Секунду он помолчал. Потом сказал:
– Вы ударили не меня. Сегодня вы впервые узнали правду. И ударили Гарри. – Гримстер подошел к двери, обернулся и добавил: – Вам известно, что мне нужно. То малое, что вы скрыли. То малое, чего вы боитесь или стыдитесь. Теперь я знаю, что это, но не скажу. Я слишком уважаю вас, чтобы выдавливать правду по каплям. Вы успокоитесь, придете и все расскажете сами.
Гримстер спустился в маленький бар, заказал себе большую порцию виски, закурил сигару и подумал: «Правда всегда была рядом, глядела прямо в глаза, иногда просто кричала, но я оставался к ней слеп и глух, пока сам, разозлившись, не высказал ее грубо и резко». Бедняга Гарри. Скотина Гарри. Кроме фокуса с пятницей, двадцать седьмого февраля, сколько еще экспериментов он проделал над ней ради забавы? Наверное, немало. И не только сам смотрел их, но и другим показывал. Билли, например.
Лили к завтраку не вышла. Послала записку, что у нее разболелась голова. Кранстон вопросительно поднял брови, но Гримстер пожал плечами и ничего объяснять не стал.
Теперь в спешке не было нужды. Можно было расколоть Лили немедленно, однако лучше услышать правду от нее самой – как только она успокоится и будет готова к беседам. В исповедальню под ножом не ходят. Если человек на самом деле жаждет отпущения грехов, он идет к священнику добровольно.
Позавтракав, Гримстер поднялся на чердак и взял с полки одну из книг Диллинга. Она затрепалась, была испещрена заметками – ее явно не раз перечитывали. Джон спустился к себе и устроился в кресле. Тема книги была ему не в диковинку, но серьезно он занялся ею впервые. Книга неожиданно напомнила Гримстеру об опыте, который они с Гаррисоном провели в Веллингтоне. Он улыбнулся, вспомнив, как они катались по полу от смеха.

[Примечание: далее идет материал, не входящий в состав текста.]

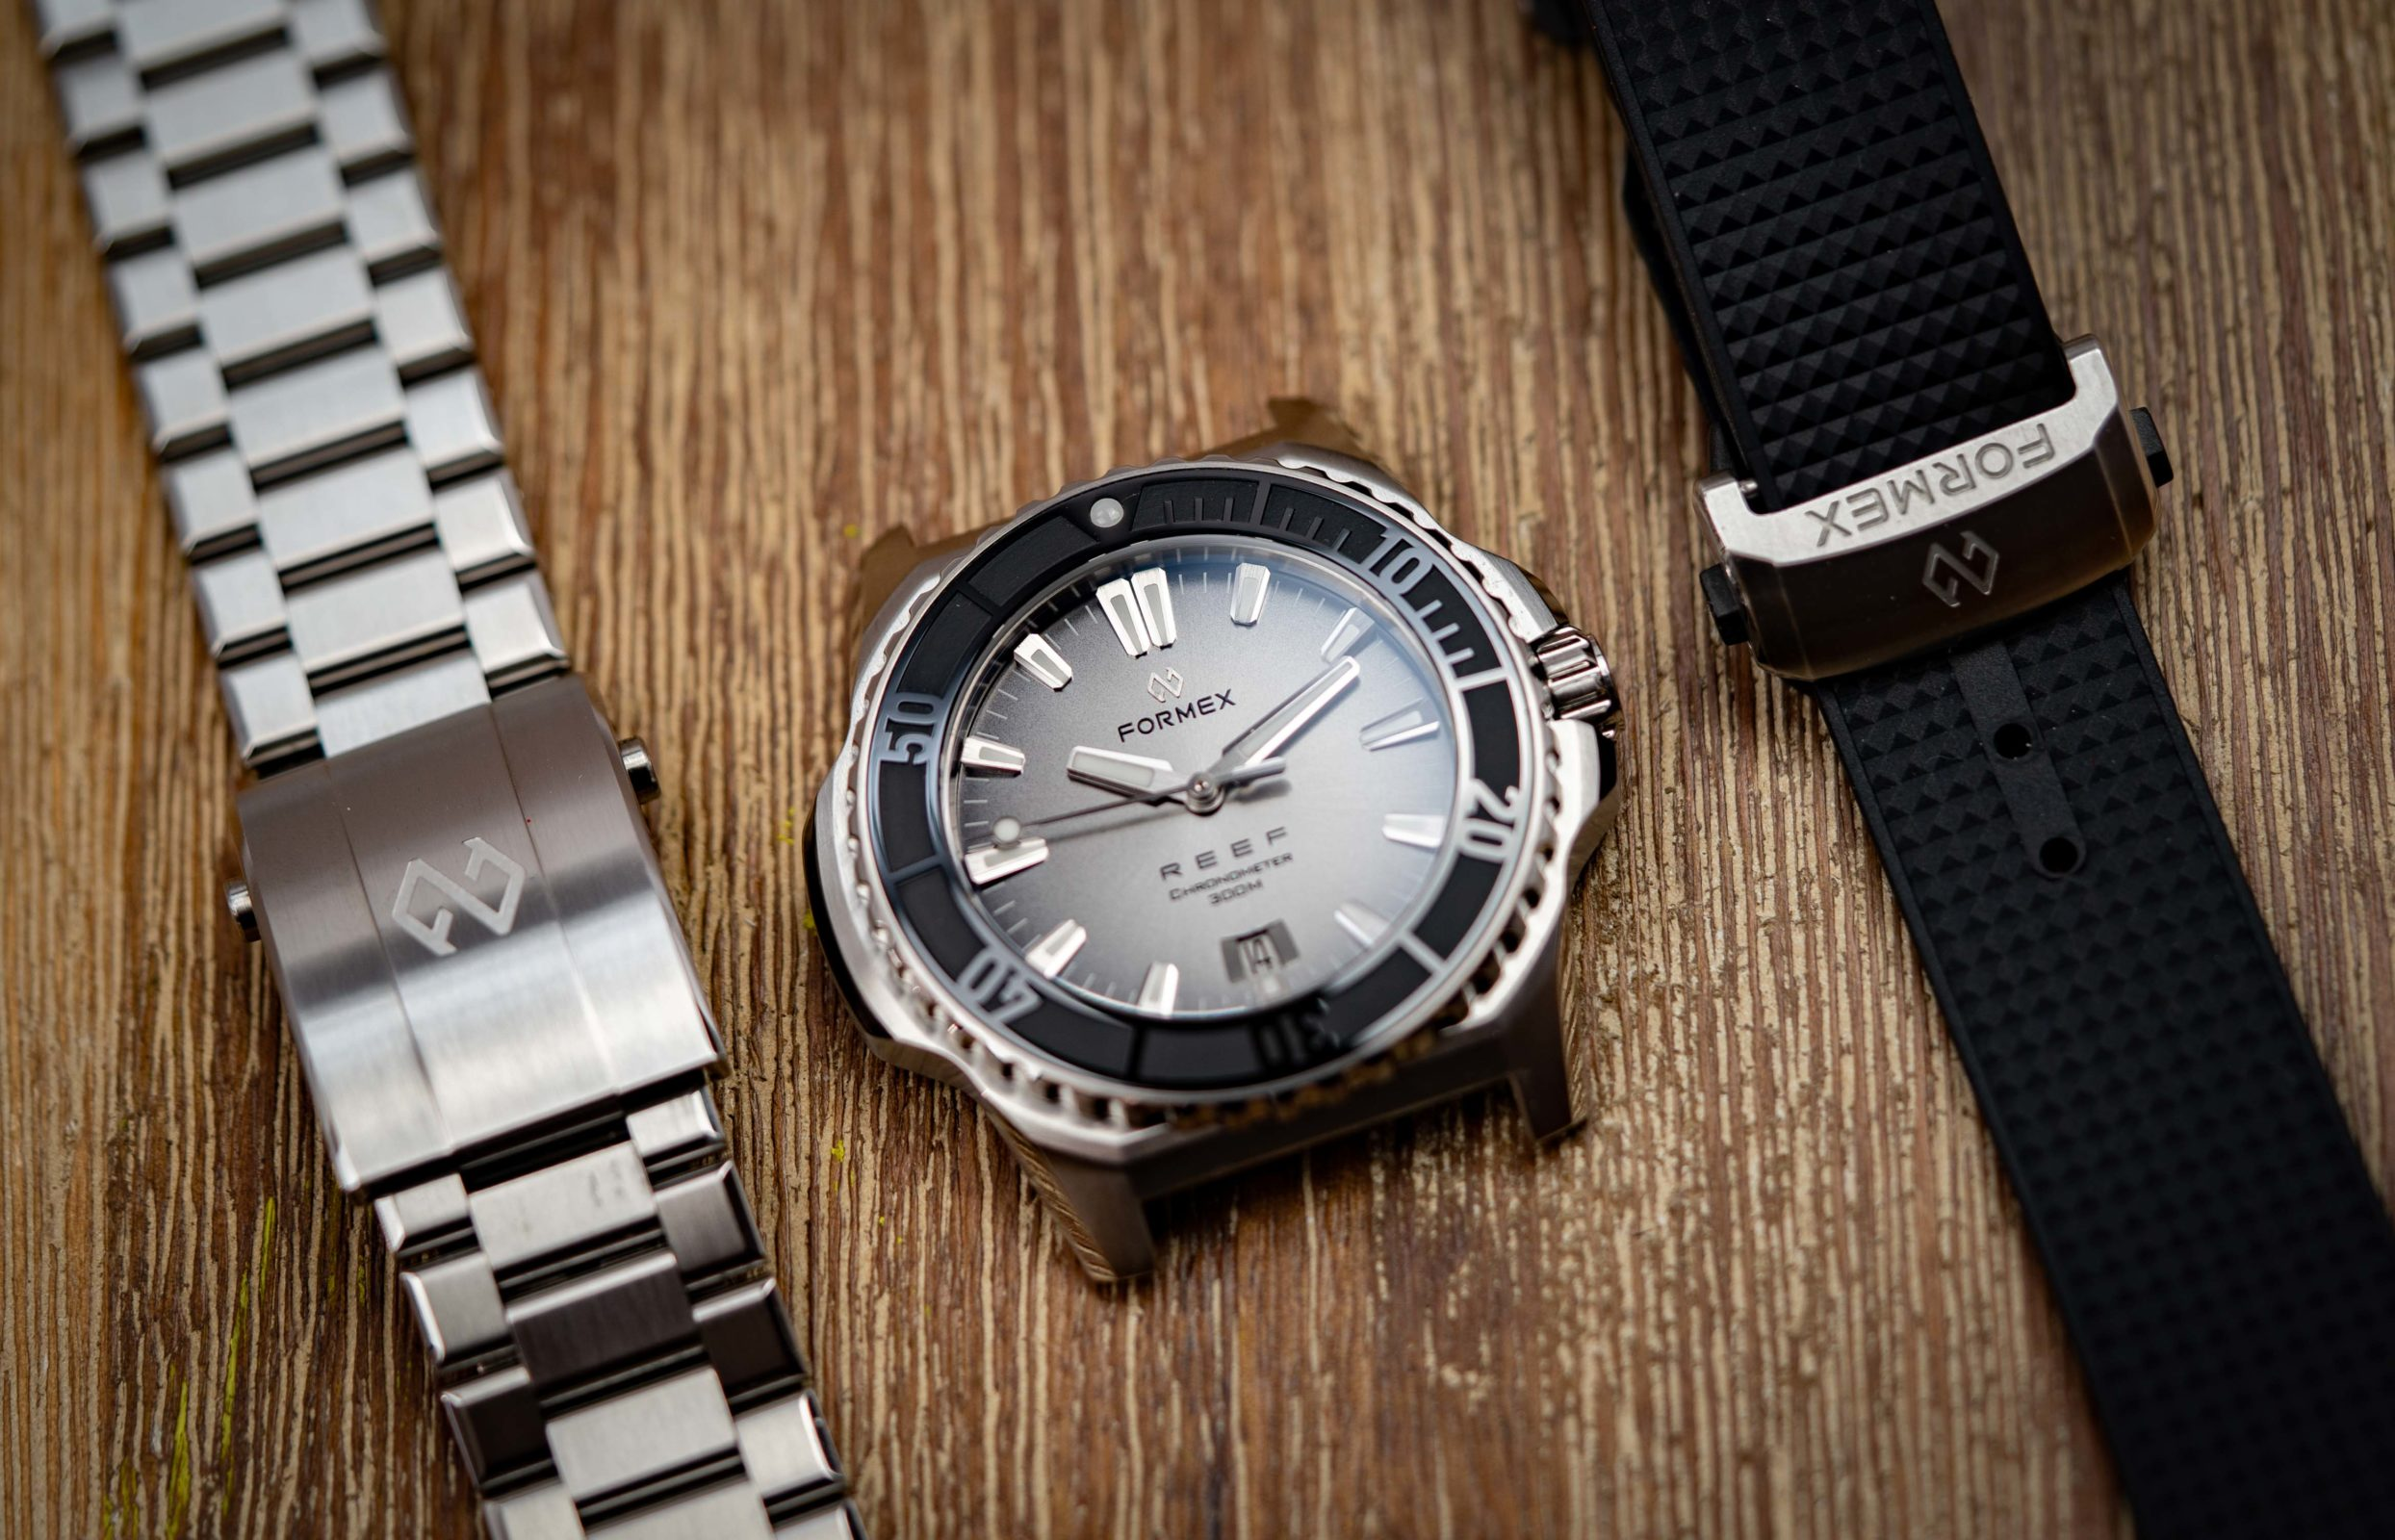 Formex-Reef-Automatik-Chronometer-300m-7

Гримстер читал три часа подряд, с предельным вниманием, пытаясь чуть ли не наизусть выучить каждую страницу, запомнить все мысли, все примеры до единого. Источник противоречия между тем, что рассказала Лили о пятнице, и тем, что она действительно в тот день делала, перестал быть для Гримстера загадкой, но до истины было еще далеко. Закончив книгу, Гримстер бросил ее на пол, закурил сигару, прилег и уставился в потолок; зажав сигару в зубах, он напряженно размышлял, как лучше подойти к Лили. Экспертов по данному вопросу в Ведомстве не было. Брать человека со стороны – на это сэр Джон вряд ли пойдет из соображений секретности. Впрочем, профессионал может и не понадобиться. Ведь и Диллинг им не был. Возможно, Гримстер сможет сделать все сам. Между ним и Лили во время последней беседы возникла тонкая ниточка связи, и это вселяло надежду на успех.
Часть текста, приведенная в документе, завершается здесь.